A Systematic Approach Using Scene Graphs

To address these limitations, the research team developed a systematic approach using egocentric action scene graphs as the foundation for creating more challenging and realistic video understanding tasks. Think of scene graphs as detailed maps that show not just what objects appear in a video, but exactly how they connect to each other and to the person performing actions.

The team used text-only LLMs to systematically generate the following types of questions from scene graphs: purpose questions that explore why objects are used, direct object questions focused on primary objects manipulated during an action, indirect object questions centered on secondary elements present during interactions, and temporal ordering questions that test understanding of event sequences.

Each question undergoes a rigorous two-stage filtering process to ensure it can only be answered by directly observing the video content, eliminating ambiguity and preventing multiple valid responses. This careful process resulted in 1,807 high-quality question-answer pairs that test an AI system's ability to understand video content at a deep level.

Figure 1 EASG Benchmarking Results Intel Labs.png

Figure 1. Language-only models outperform video models in before/after ordering of events questions in EASG-Bench.

Researchers evaluated a range of language-only and video-LLM models on the benchmark. Notably, video models such as Qwen2.5-VL-7B demonstrate effective use of visual signals and consistently outperform language-only baselines across most question types. However, video-LLMs struggle with temporal comprehension tasks, particularly those involving reasoning over events occurring before or after in sequencing.

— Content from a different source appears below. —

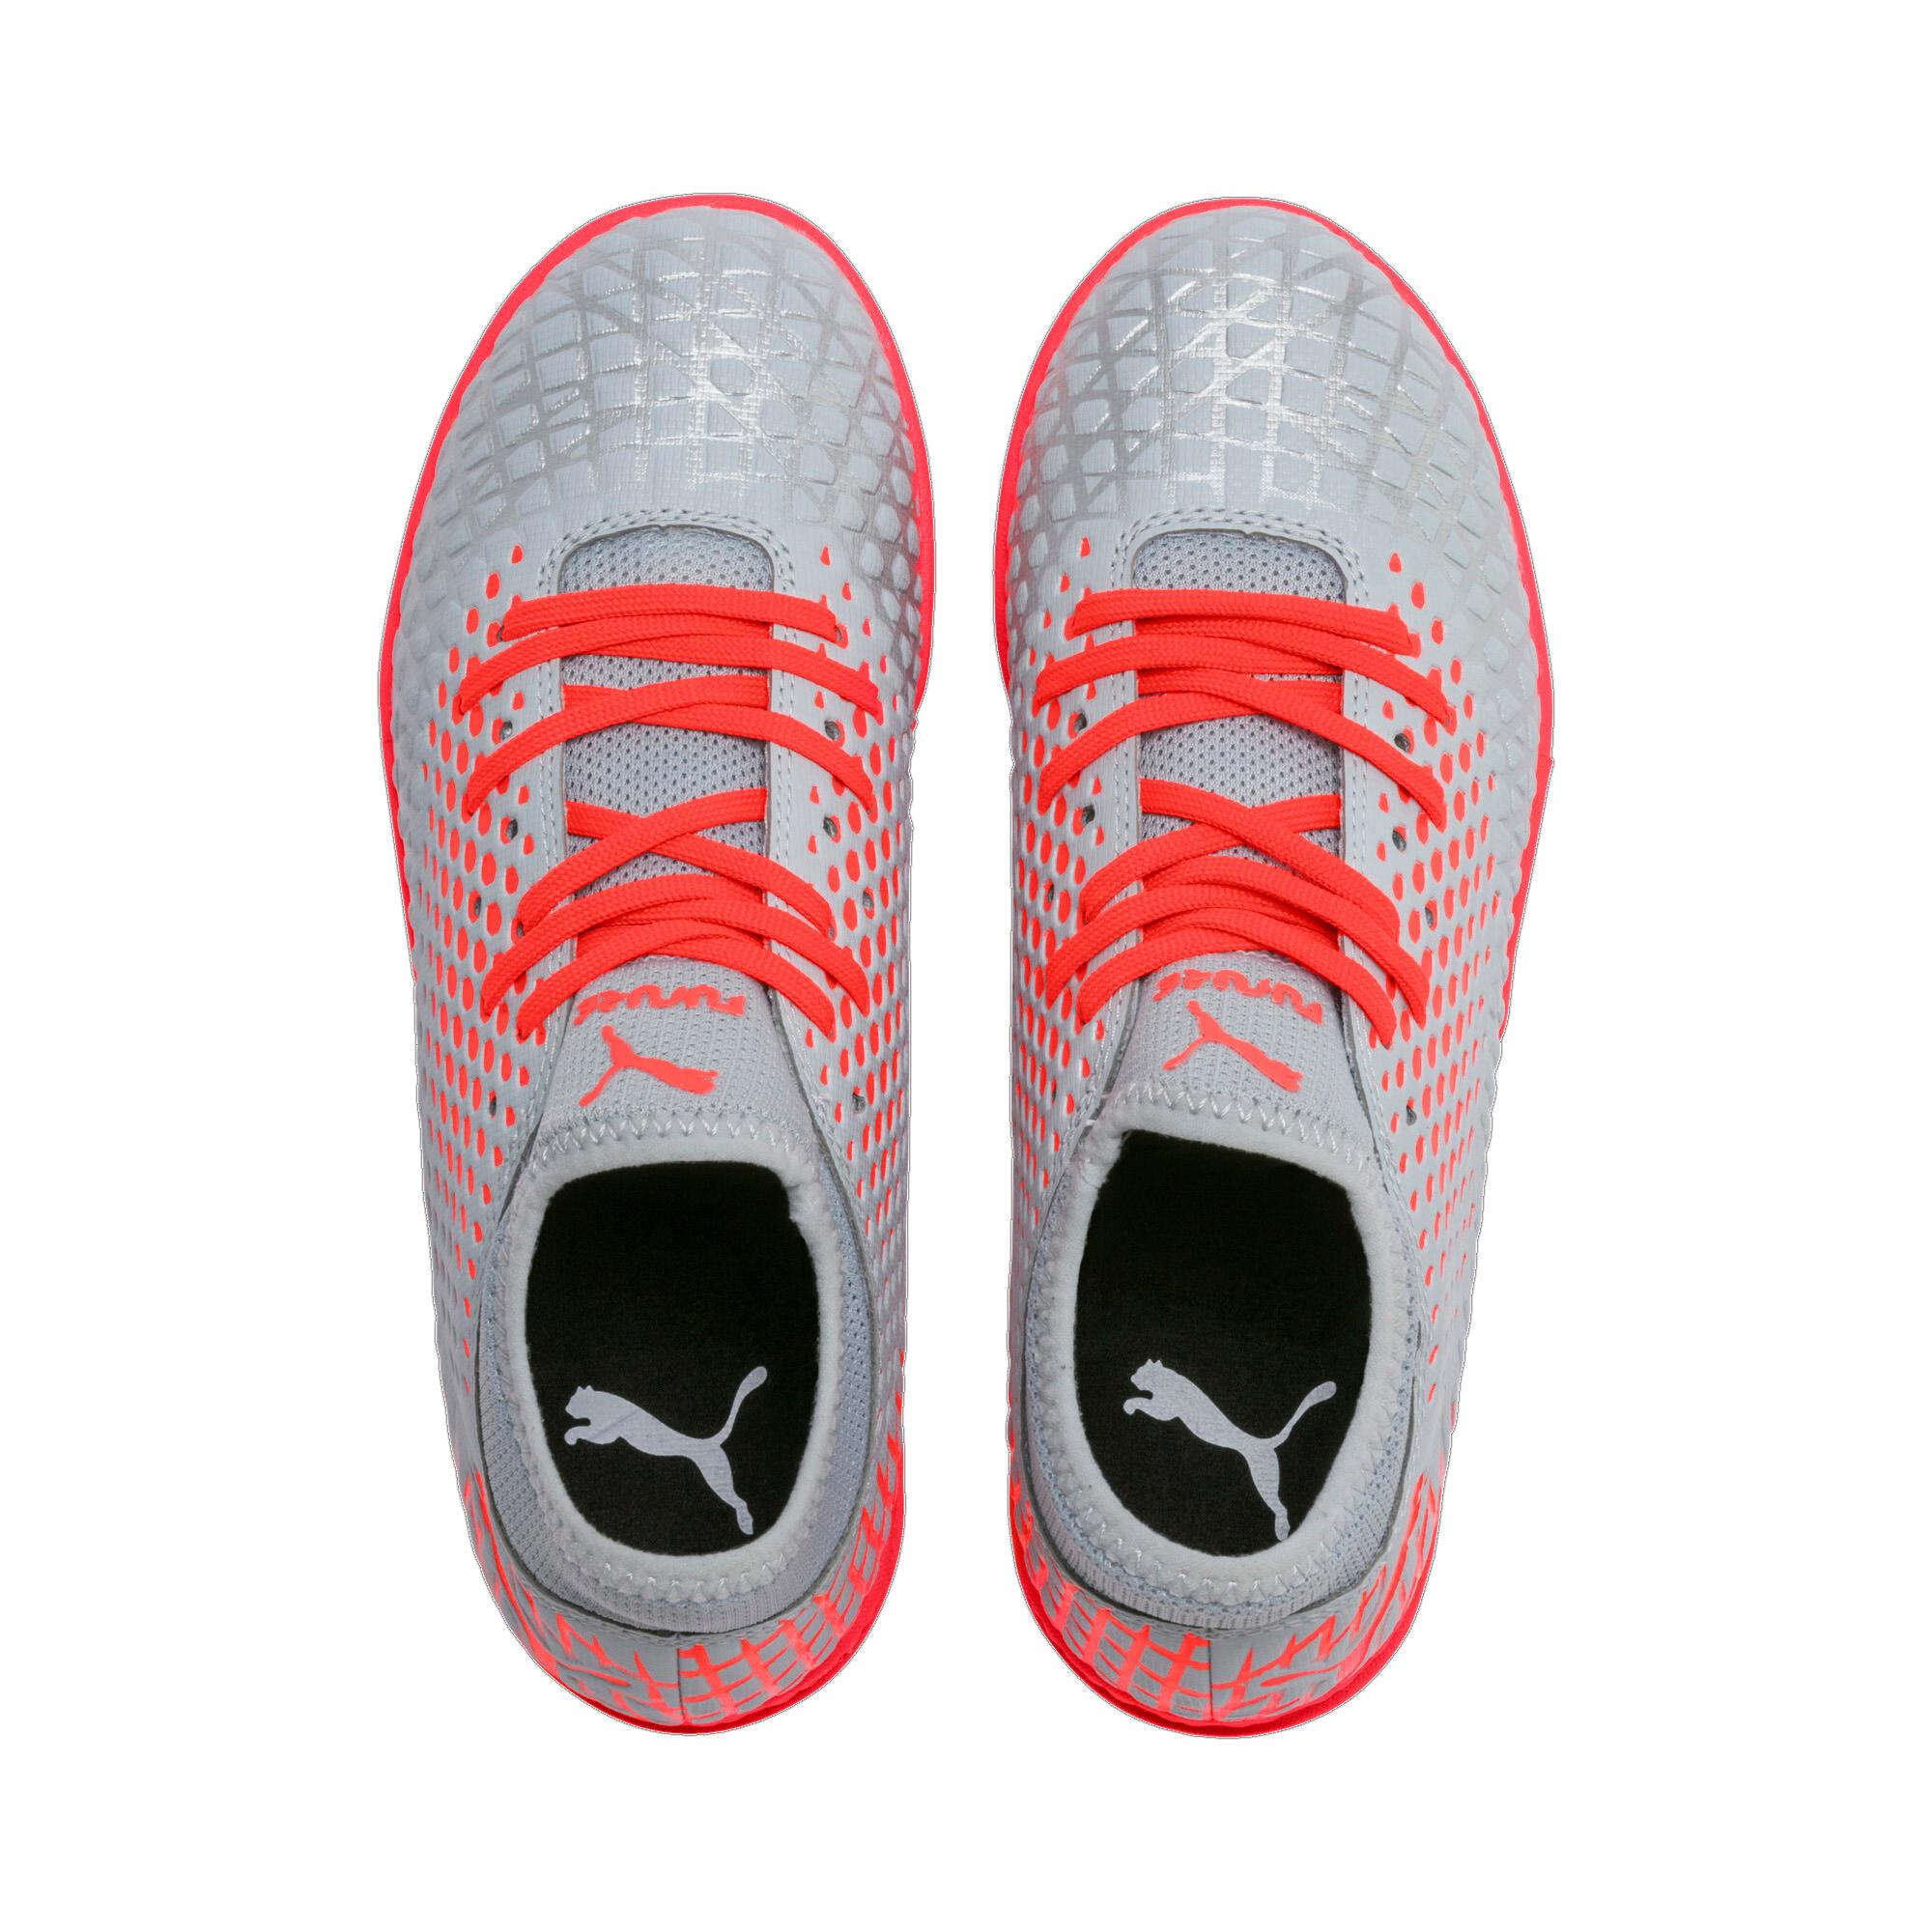 Thumbnail 6 of FUTURE 4.4 TT Soccer Shoes JR, Glacial Blue-Nrgy Red, medium

As Figure 1 shows, the best language-only model achieved scores of 98.92% on ordering (before) questions, while the top-performing video model reached only 82.76% on the same tasks.

Figure 2 EASG Bench chain of thought prompting on temporal questions Intel Labs.png

Figure 2. Effect of chain-of-thought prompting on temporal order questions (before and after type) with Qwen2.5-VL-7B.

After using the chain-of-thought prompting approach of breaking temporal questions into two steps by first locating the relevant action and then asking about what comes before or after, video model performance improved by 4.32 points on average, closing the gap with language-only systems (see Figure 2).

Overall, in other areas such as questions concerning object manipulation (direct/indirect), video-LLMs significantly outperform the language-only models, as these questions need video context for an accurate response (see Figure 1). Nonetheless, EASG-Bench is still challenging for all the existing models.

Looking Forward: The Future of Video AI

This work represents an important step toward AI that doesn't just see what's happening in videos, but also understands the deeper patterns of how and why events unfold over time. The results highlight the necessity of future research on spatio-temporal reasoning in long-form video understanding that goes beyond textual token sequence. Understanding how things interact in location and time could improve the ability of AI models to make predictions, navigate environments, and control systems.

In terms of potential real-world applications, manufacturing facilities could use improved video AI to automatically detect when assembly line tasks may be performed out of sequence, enabling real-time quality assurance. Healthcare providers could deploy these systems to monitor patient activities and ensure proper adherence to rehabilitation protocols, while autonomous vehicles could better understand the sequential actions of pedestrians and other drivers to predict their next moves and prevent accidents.